Print out the full material below, exact in every line, with no images included.

▶ _SUPPLIED MATERIAL_
####################

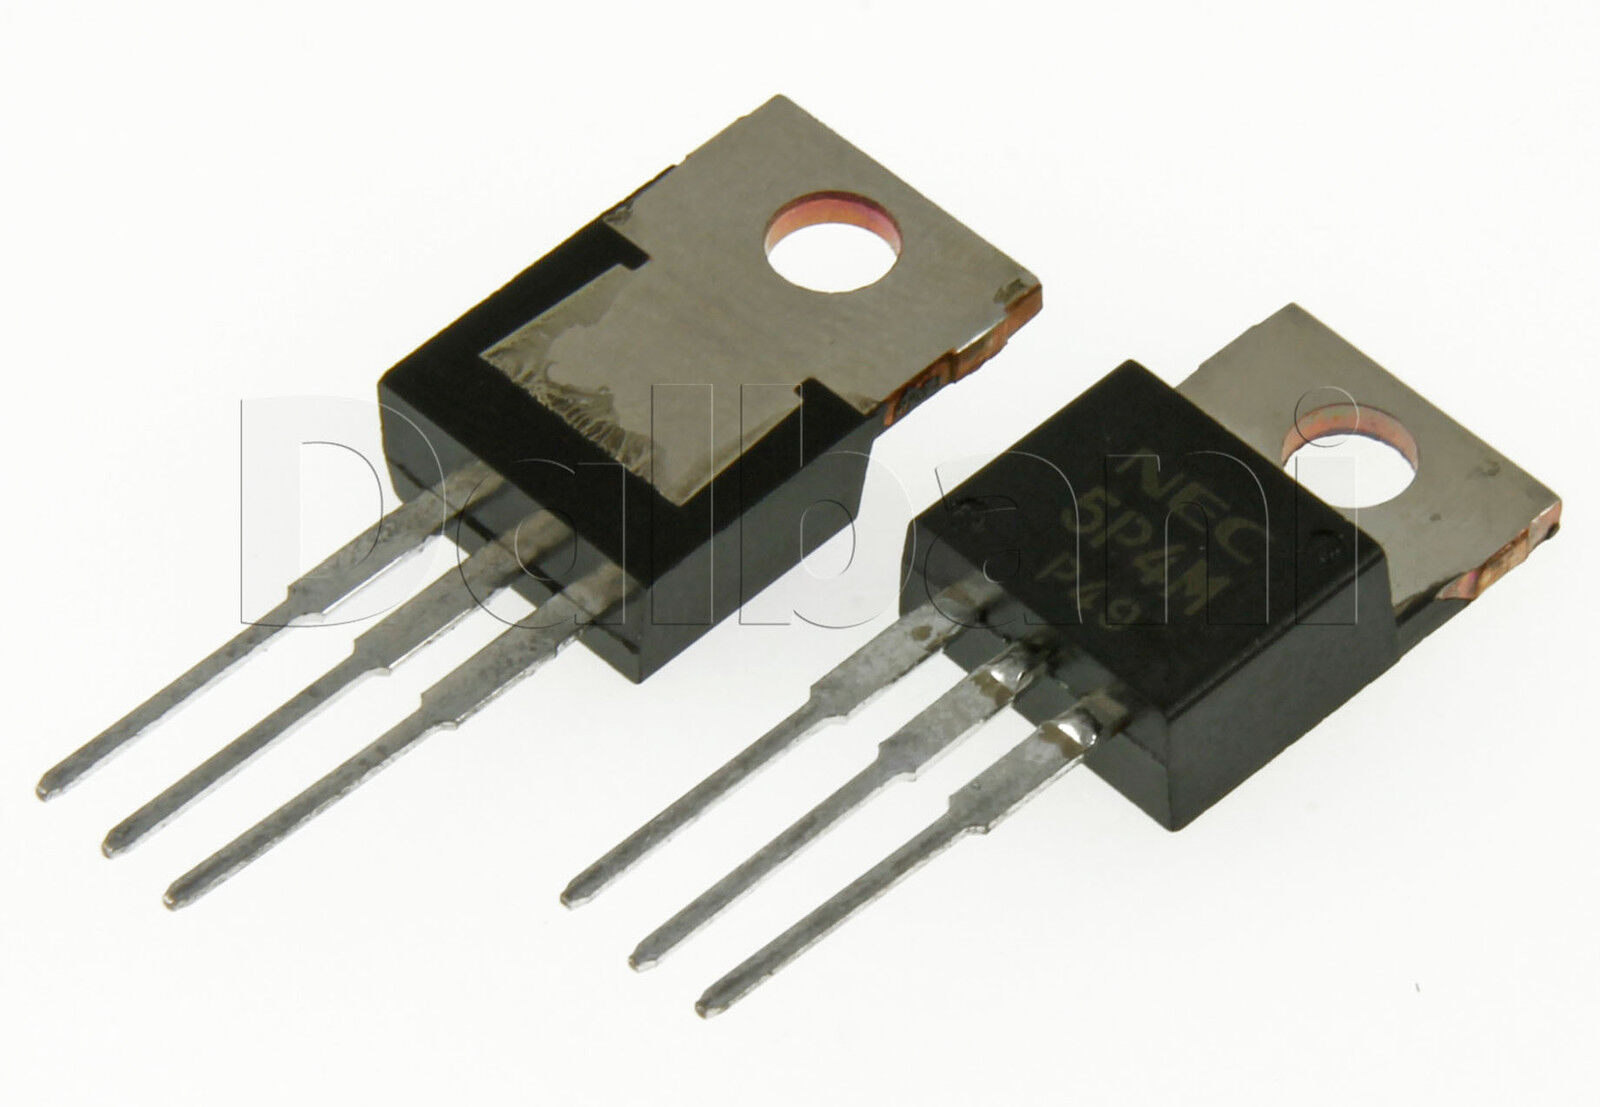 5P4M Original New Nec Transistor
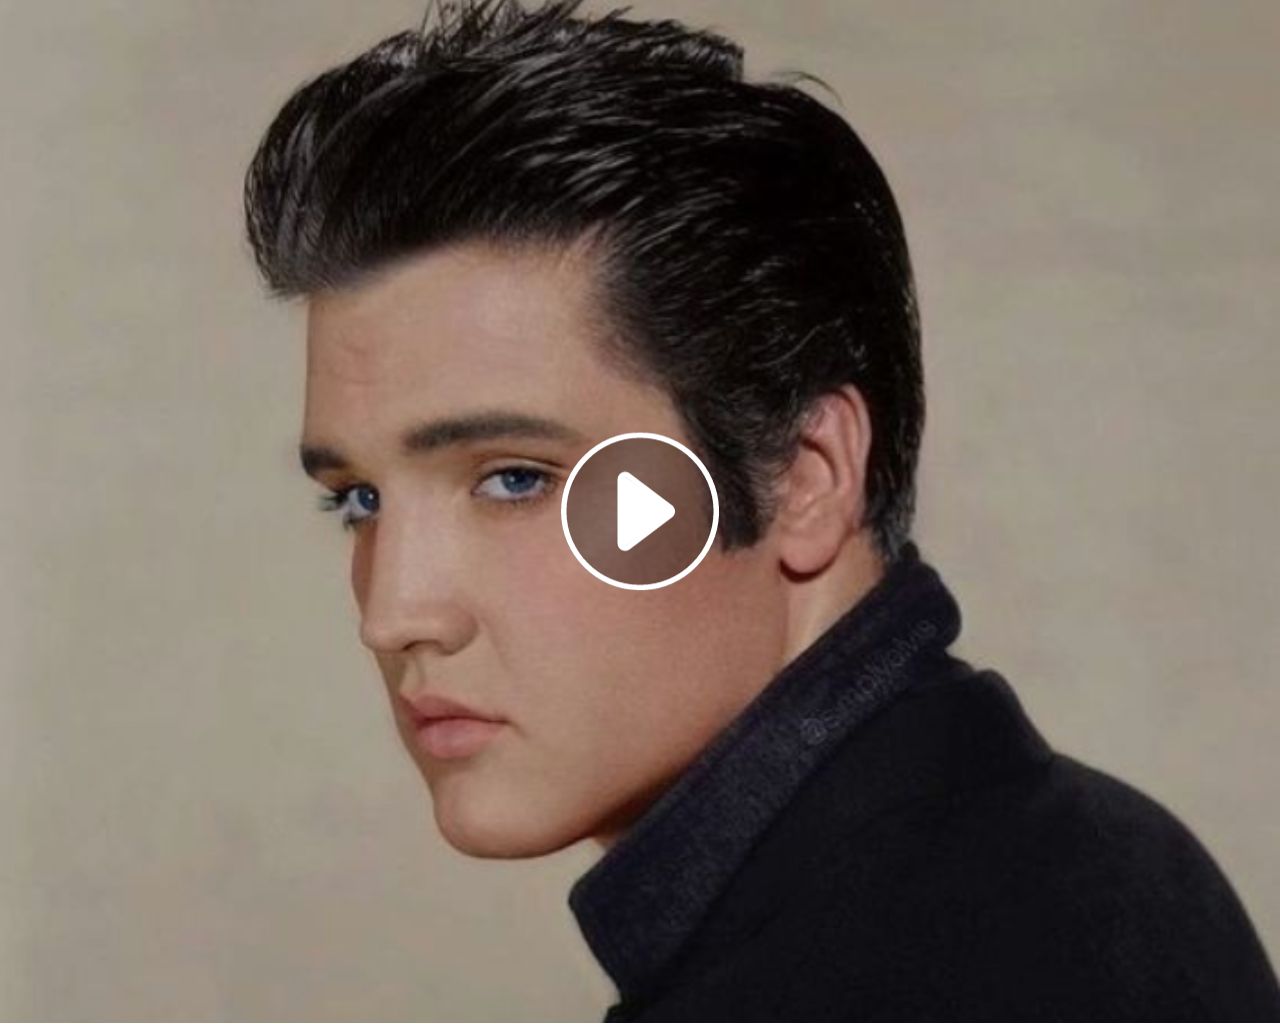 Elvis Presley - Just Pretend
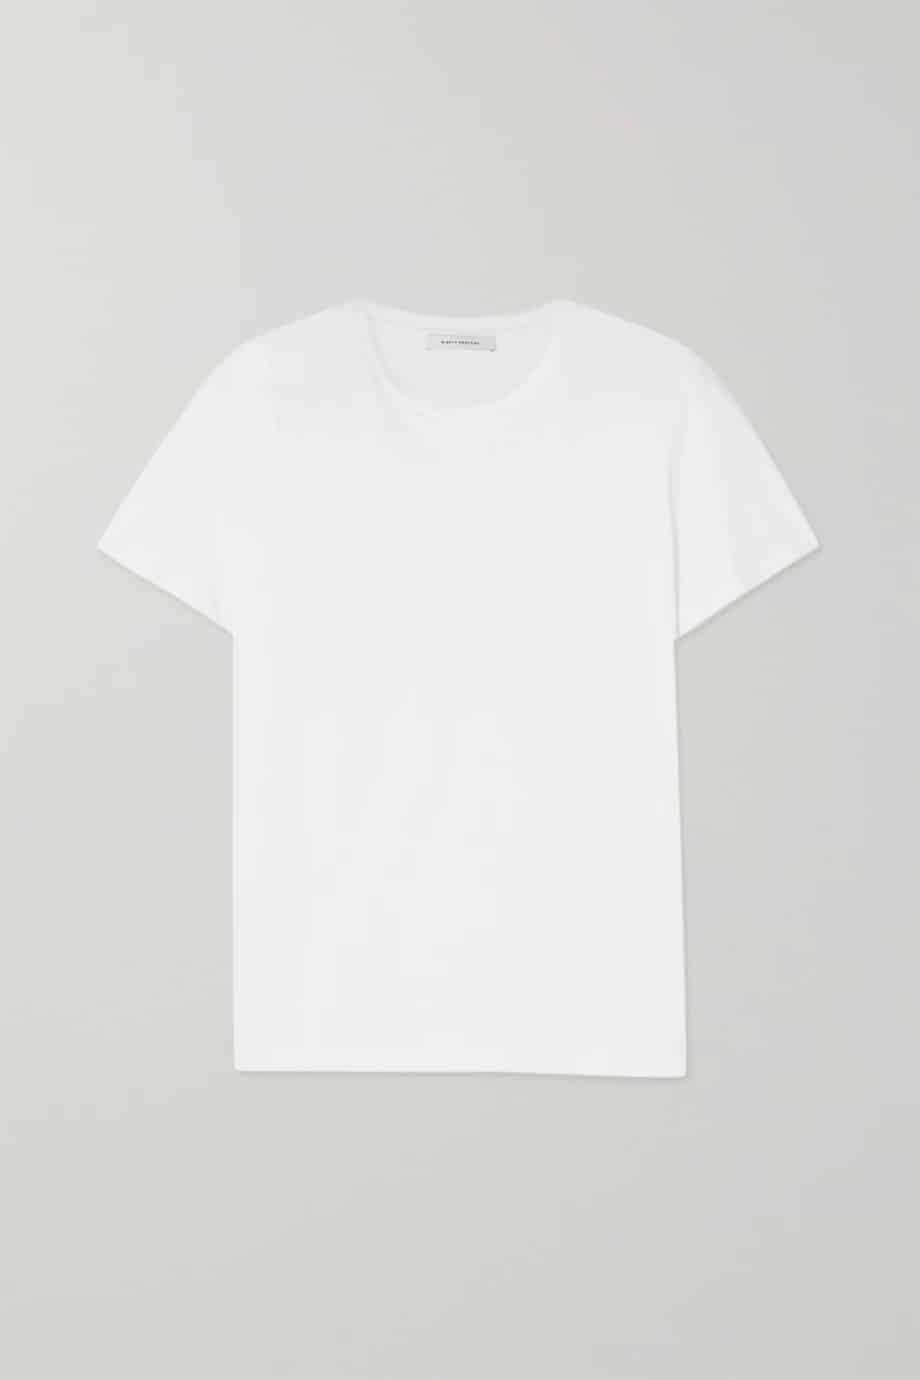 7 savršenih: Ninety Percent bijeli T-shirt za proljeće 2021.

####################

▶ _OUTPUT FOR THIS EXERCISE_
 5P4M Original New Nec Transistor
 Elvis Presley - Just Pretend
 7 savršenih: Ninety Percent bijeli T-shirt za proljeće 2021.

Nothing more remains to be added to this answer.